Los medios locales independientes en Belarús han sufrido una presión considerable a lo largo del último año, tras la prolongada agitación social posteriores a las reñidas elecciones presidenciales. Múltiples medios de comunicación han visto que a sus periodistas los detienen y arrestan, sus páginas web y canales en redes sociales quedan bloqueados y sus activos confiscados, después de que se los declararon «extremistas». Ahora, las autoridades bielorrusas también tienen en la mira medios de comunicación independientes extranjeros que cubren información de Belarús y a sus audiencias.
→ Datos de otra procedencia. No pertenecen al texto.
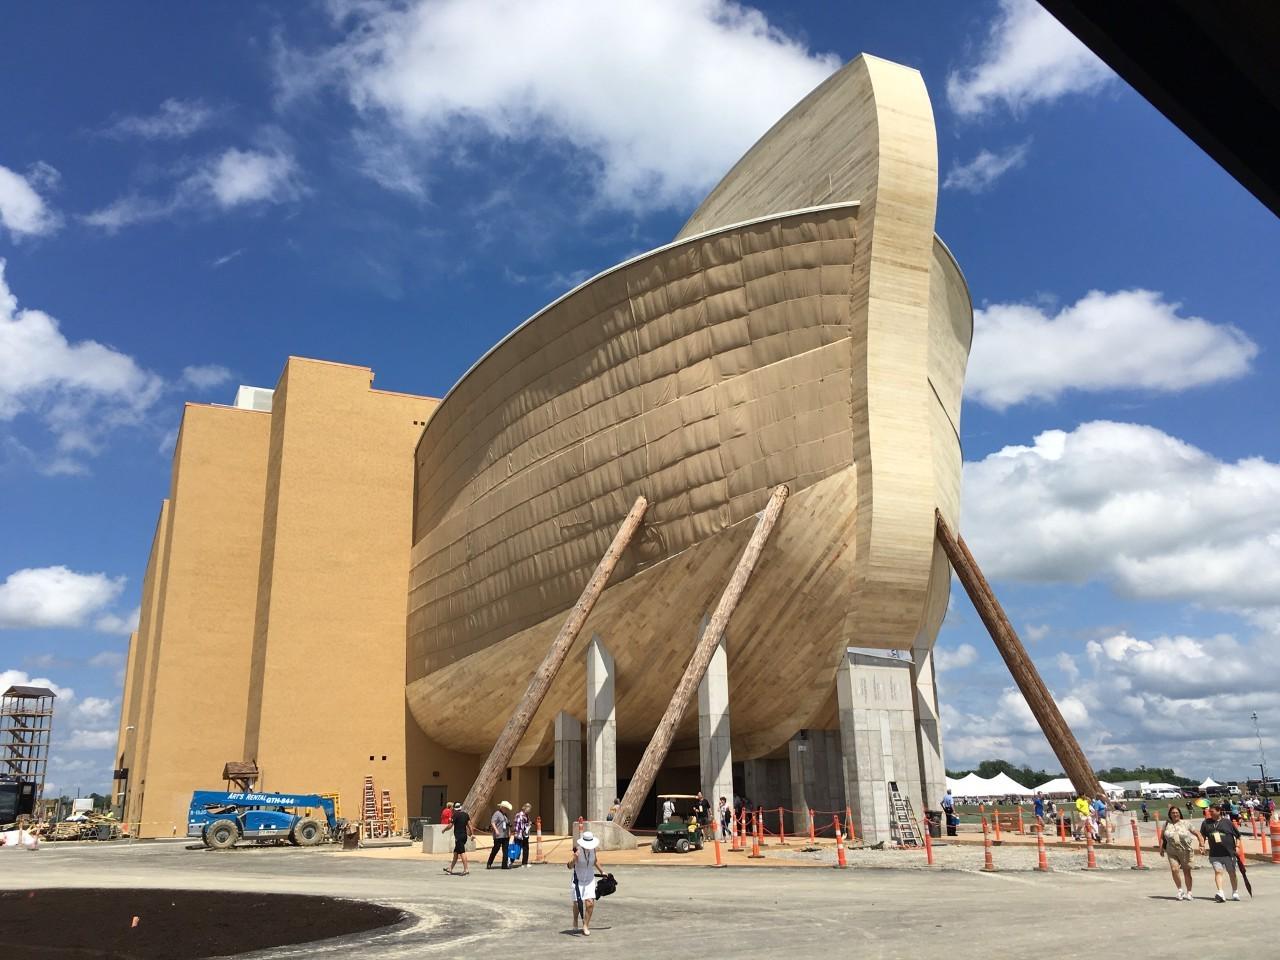 Ark exterior rear view

El 28 de octubre, el Ministerio de Información bielorruso bloqueó el acceso al sitio web de Deutsche Welle, canal de televisión internacional alemán con financiación estatal, y de Current Time, red en ruso controlada por la organización Radio Free Europe/Radio Liberty (RFE/RL), del Gobierno de Estados Unidos, en cooperación con Voice of America. Junto con la web del periódico bielorruso Novy Chas, estas páginas fueron bloqueadas presuntamente por difundir material con enlaces que los tribunales bielorrusos consideran «extremistas». El ministro de Información, Andrey Kuncevic, dijo a la agencia de noticias estatal BelTa que el Gobierno «pretende continuar tomando decisiones con el objetivo de proteger el espacio informativo del país».

El director general de Deutsche Welle, Peter Limbourg, calificó el bloqueo como «no tiene absolutamente ningún sentido», mientras que el presidente de RFE/RL, Jamie Fly, también condenó la decisión de bloquear Current Time.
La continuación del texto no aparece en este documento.